7.2 Periodic Boundary Conditions¶

Why periodic boundary conditions exist

A real crystal has $\sim 10^{23}$ atoms; an MD simulation can manage $\sim 10^3$ to $10^8$. The atoms at the surface of a small simulation box are not surrounded by their proper environment — they see vacuum. For a box of $10^3$ argon atoms, more than half of them are within two atomic diameters of a face. The "simulation" then describes an unphysically small cluster, not a bulk material.

The cure is a kind of mathematical magic: identify opposite faces of the box, turning the cube into a topological 3-torus. An atom that walks off the right face re-enters from the left at the same height. Periodic copies of the cell tile space; each atom is surrounded by an infinite homogeneous environment.

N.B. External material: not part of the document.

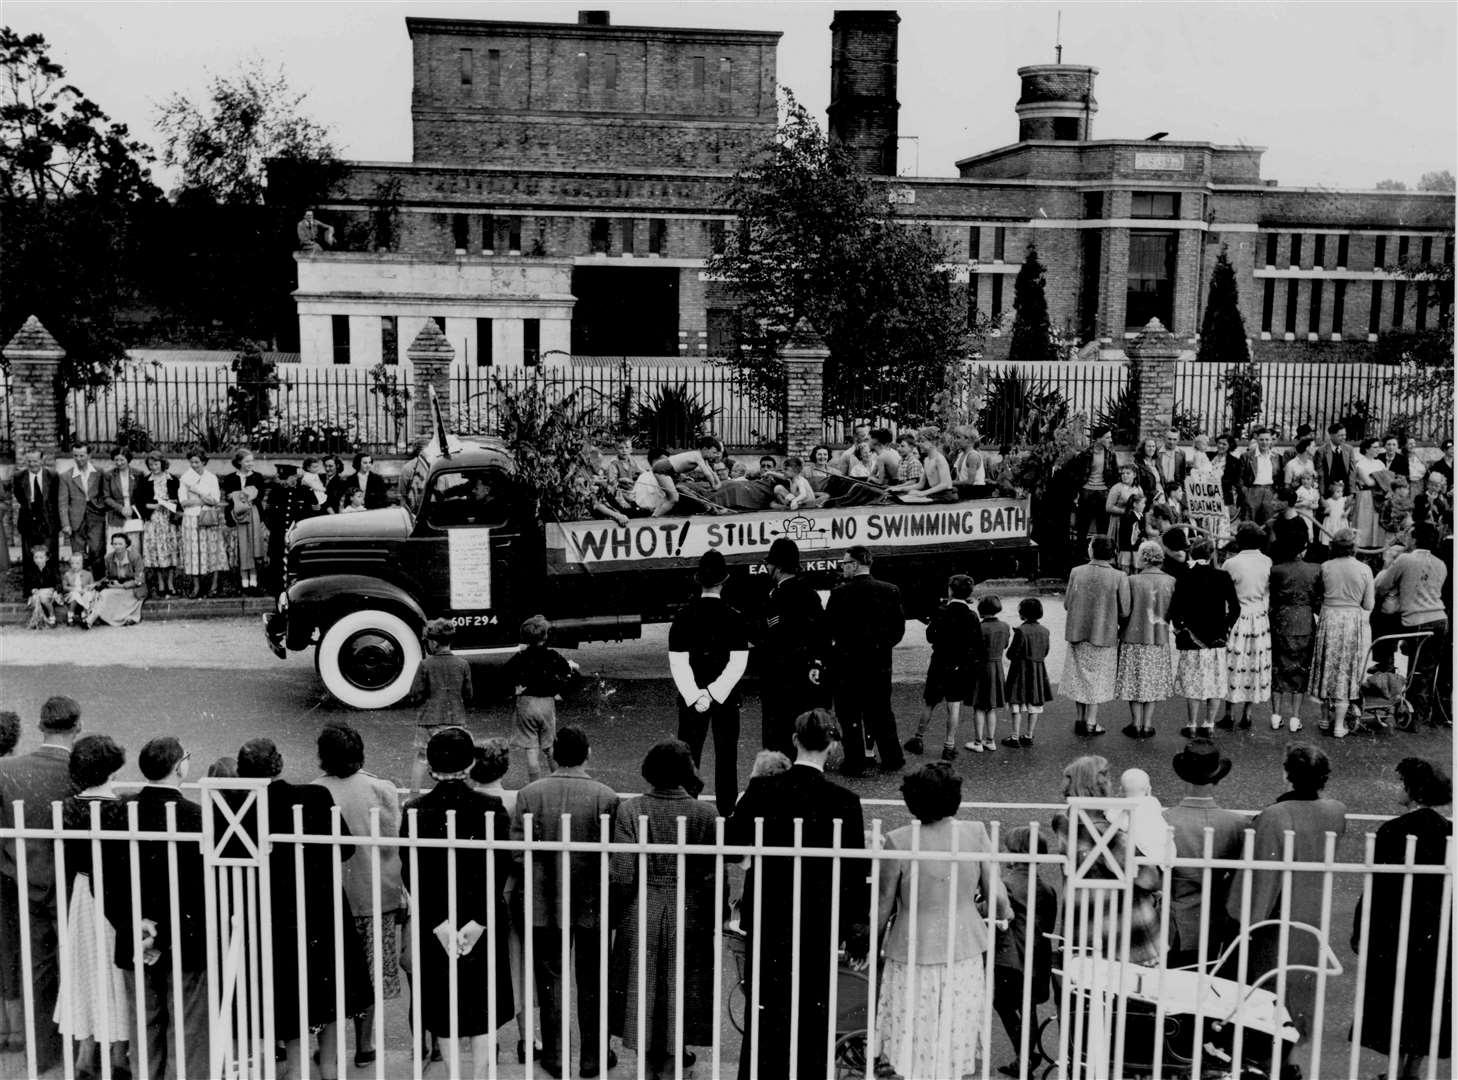 The open-air baths at Whitehall Road, Canterbury, had been closed to swimmers since the war - and the pool at Kingsmead did not open until 1970. There was a long campaign for an alternative as this 'Kingsmead Lido' float demonstrates in the carnival in August 1954

Picture in your head: a video game world that wraps. You walk east and arrive at your starting point from the west. Physically, PBC are how we make a small box pretend to be a chunk of bulk material. The price: artefacts when interactions are longer than the box (the cause is that one atom can interact with multiple periodic copies of another), and missing physics for interfaces (you cannot have a free surface in a torus).

Why we need PBC¶

Take 1000 argon atoms in a cubic box of side 30 Å. If the box has hard walls, the atoms within one or two atomic diameters of a wall experience an environment qualitatively different from those in the bulk: fewer neighbours, asymmetric forces, anomalous density. Of our 1000 atoms, perhaps 600 are "surface" atoms in this sense. The simulation is then a study of an extremely small cluster, not of bulk argon.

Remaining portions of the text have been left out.